Optimal solution for "Bitwise AND" problem in C#

Problem statement:
Given an array of non-negative integers, count the number of unordered pairs of array elements, such that their bitwise AND is a power of 2.
Example:
arr = [10, 7, 2, 8, 3]
Answer: 6 (10&7, 10&2, 10&8, 10&3, 7&2, 2&3)
Constraints:
1 <= arr.Count <= 2*10^5
0 <= arr[i] <= 2^12
Here's my brute-force solution that I've come up with:
private static Dictionary<int, bool> _dictionary = new Dictionary<int, bool>();
public static long CountPairs(List<int> arr)
{
long result = 0;
for (var i = 0; i < arr.Count - 1; ++i)
{
for (var j = i + 1; j < arr.Count; ++j)
{
if (IsPowerOfTwo(arr[i] & arr[j])) ++result;
}
}
return result;
}
public static bool IsPowerOfTwo(int number)
{
if (_dictionary.TryGetValue(number, out bool value)) return value;
var result = (number != 0) && ((number & (number - 1)) == 0);
_dictionary[number] = result;
return result;
}
For small inputs this works fine, but for big inputs this works slow.
My question is: what is the optimal (or at least more optimal) solution for the problem?
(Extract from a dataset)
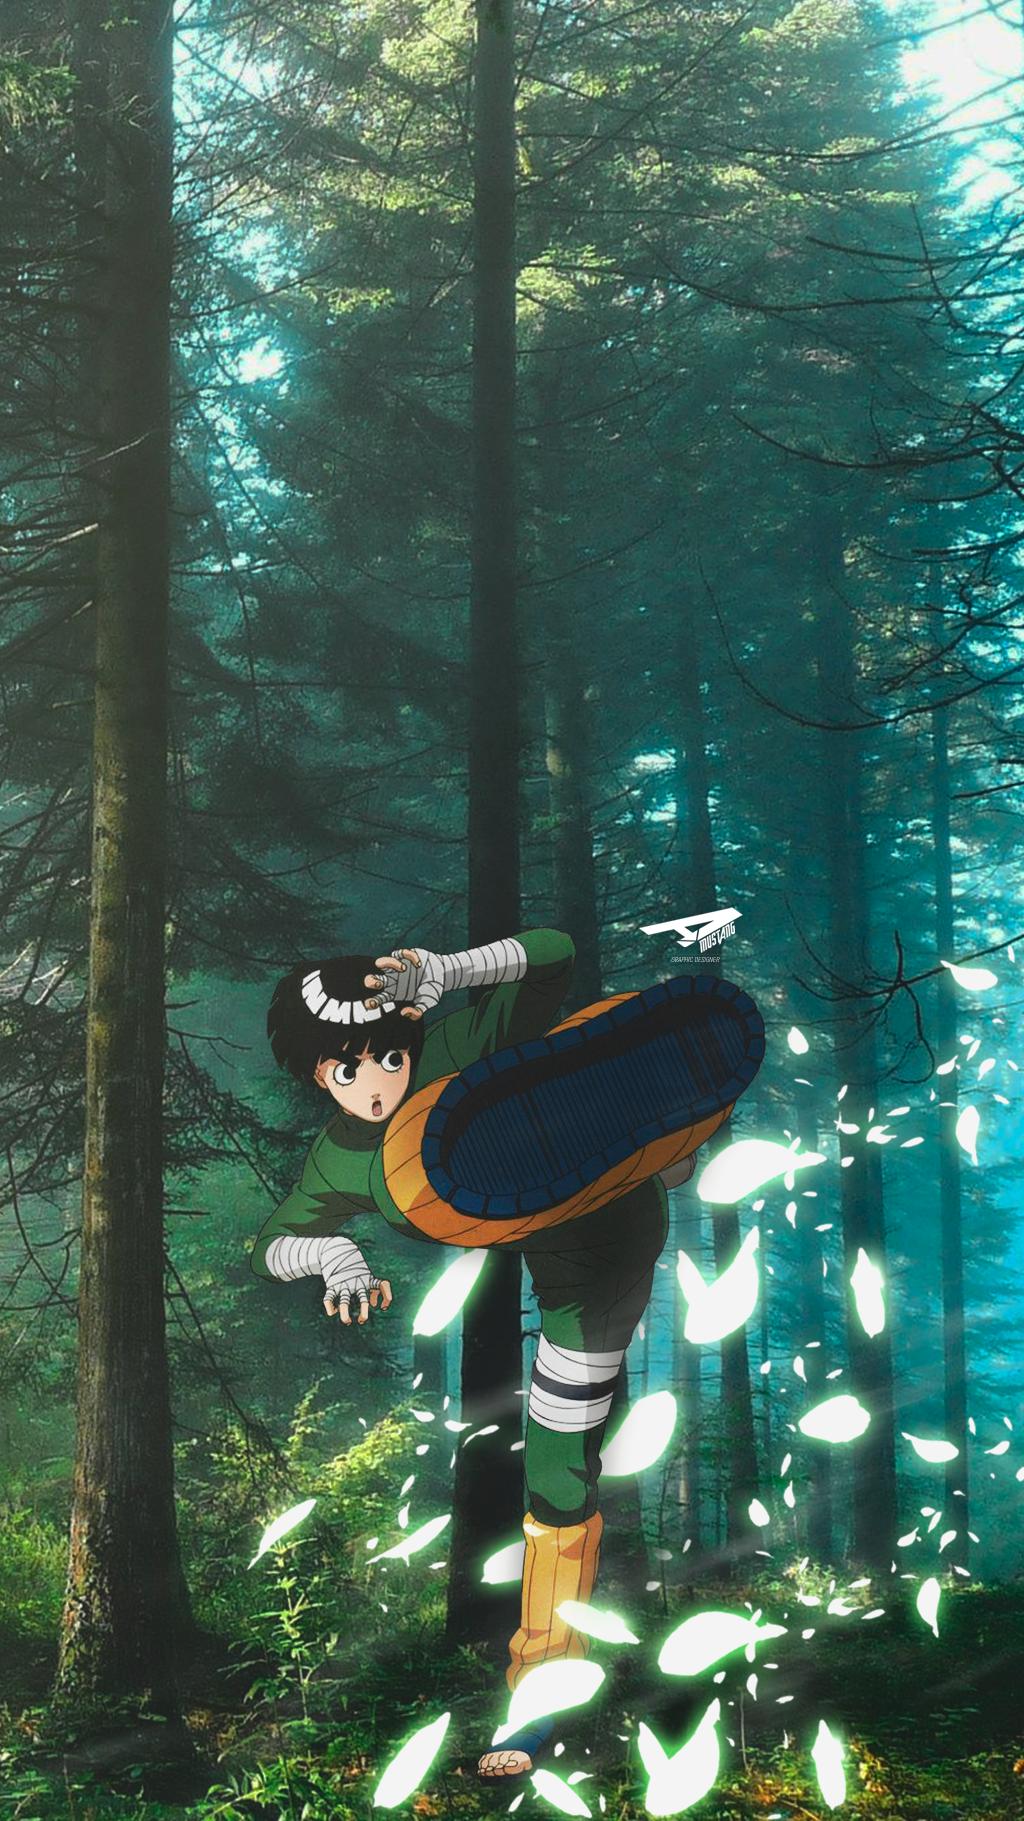 Rock Lee Wallpaper By mustaGOD in 2020 Anime wallpaper

Please provide a graceful solution in C#. 😊

One way to accelerate your approach is to compute the histogram of your data values before counting.
This will reduce the number of computations for long arrays because there are fewer options for value (4096) than the length of your array (200000).
Be careful when counting bins that are powers of 2 to make sure you do not overcount the number of pairs by including cases when you are comparing a number with itself.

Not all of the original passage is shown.